Oscars 2015: "Life in a Fishbowl"




There are three interlocking stories in Icelandic filmmaker Baldvin Zophoniasson’s “Life in a Fishbowl” that are by itself interesting and compelling but together feels contrived and implausible.

There’s the story of Mori, an alcoholic writer who is drowning himself in liquor over an incident some twenty years before. Another story is about Eik, a young single mother who is heavily in debt and who moonlights as a prostitute to support her daughter. The third story belongs to Solvi, a young and charismatic former soccer player who finds himself trapped in the cutthroat and sleazy business of capital financing.

Their lives will surprisingly intersect (with relative narrative ease!) and each one will somewhat influence the course of the other’s life. The storytelling is deliberately slow and the director takes a long time to setup what I expected would be an explosive finale only to pull back and return to his easy, comfortable narrative style just when the movie is almost ready to take off. A quiet and reasonable melodrama, there are secrets that will be revealed close to the end of the film that would have otherwise heightened the drama but only managed to stir a nod from this writer because it only confirmed what is already obvious.

When I watch a movie, I want to somewhat feel what the protagonists are feeling but sadly, in this movie, that did not happen – there are moments when you feel like you are ready to be taken by the story but find hindered ironically by the same storytelling style that the filmmaker thought would work. It is so frustrating to watch a movie that you know wants to provoke a sense of empathy from you but somehow you can feel that there’s a hidden barrier that the director neglected to remove and his characters are left trying helplessly to breach the imaginary wall and connect with the audience who remain steadfastly detached.

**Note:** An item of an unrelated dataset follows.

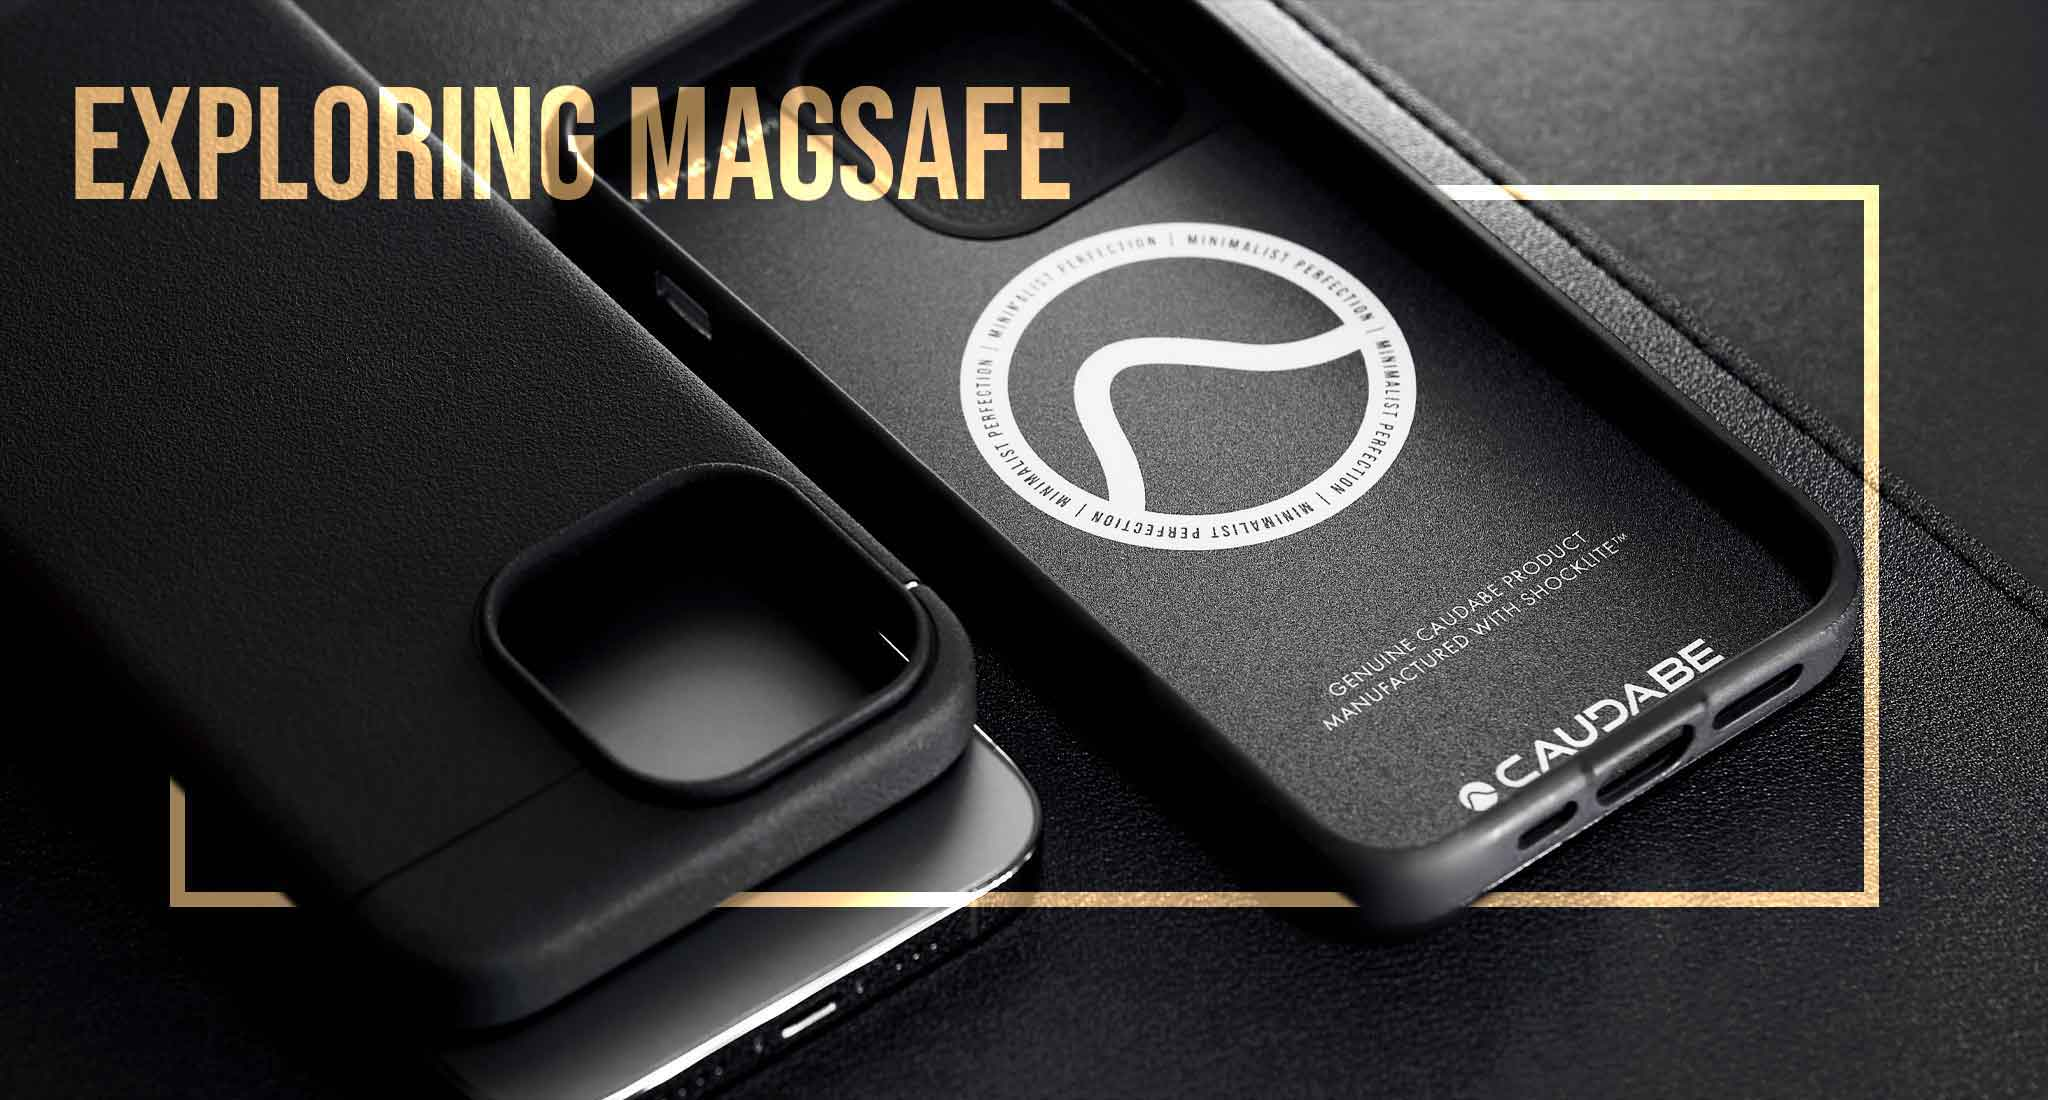 Exploring MagSafe

I am writing this review a few days after I’ve seen the film and as I look back now and try to understand the film more, I am somewhat struck, right at this very minute, by the irony in the title: The characters and the audience never got to build a cohesive relationship in the two hours that they were together inside the theater because the audience never got to go inside the proverbial fishbowl that these characters were sadly stuck in.

“Life in a Fishbowl” is the entry of Iceland to the Oscars. I watched the film at the screening organized by the European Film Promotion.